The shekel is weakening Tuesday morning on growing expectations of early elections, on the government's struggles to push through a tight budget for 2003.

Key coalition members, including the Labor and Shas parties, are balking at the budget, because of ostensible harm to the weaker segments of society. Prime Minister Ariel Sharon stated Monday that he is determined to call a snap election if he can't get the budget through by October.

The currency session opened today with the dollar hovering at about NIS 4.675. But by noon it had gained 0.4% against the shekel to NIS 4.69. Trading volumes are low, dealers say.

They see no evidence of a trend change, dealers add.

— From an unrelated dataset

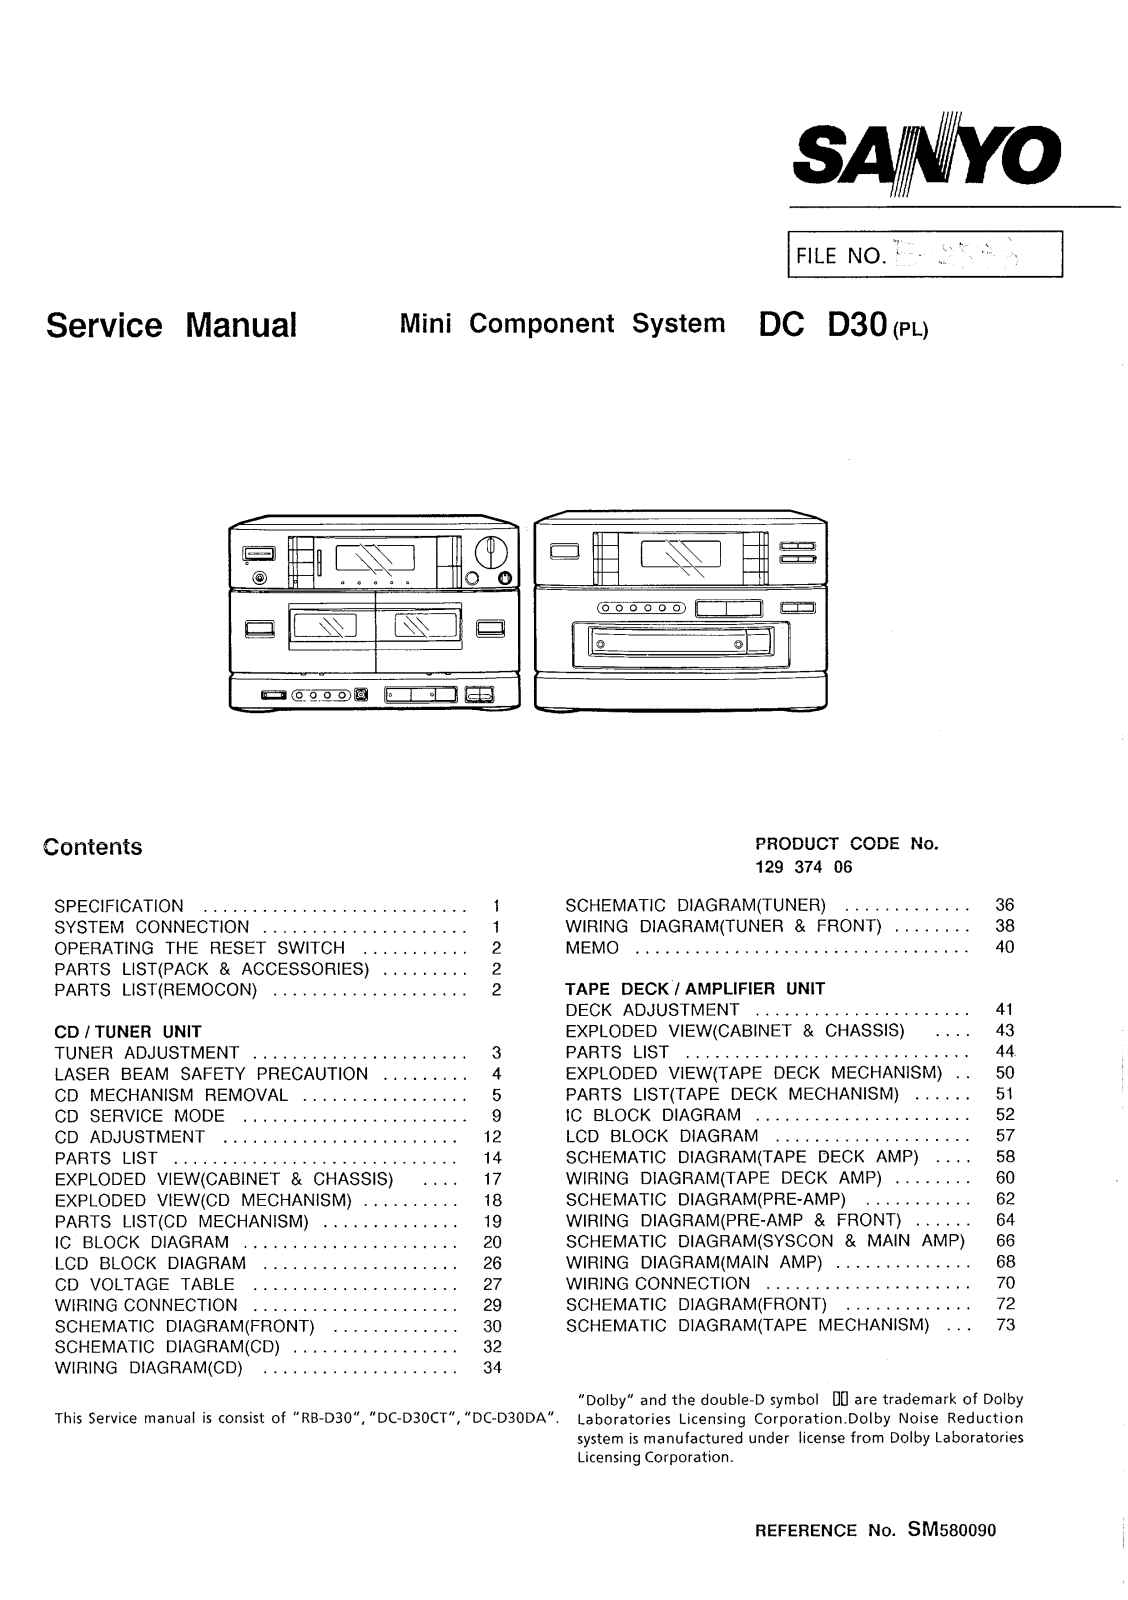 Sanyo DCD-30 Service manual

Meanwhile, the market is waiting the Federal Reserve's decision on U.S. interest rates, to be announced today at 21:15 Israel time. A Fed decision to lower lending rates would weaken the shekel, as it would narrow the shekel-dollar interest rate gap, now standing at 7.35%.

Local pundits believe the Fed will leave the rates intact for now, though. Speculators are gambling on just that.

Elements undermining the shekel include the uncertainty surrounding the budget and early elections, and the always-present possibility of an escalation in violence. Fears include not only terror attacks by Palestinians in Israel, but a regional uproar if the United States attacks Iraq, resulting in missile strikes on Israel and severe Israeli retaliation.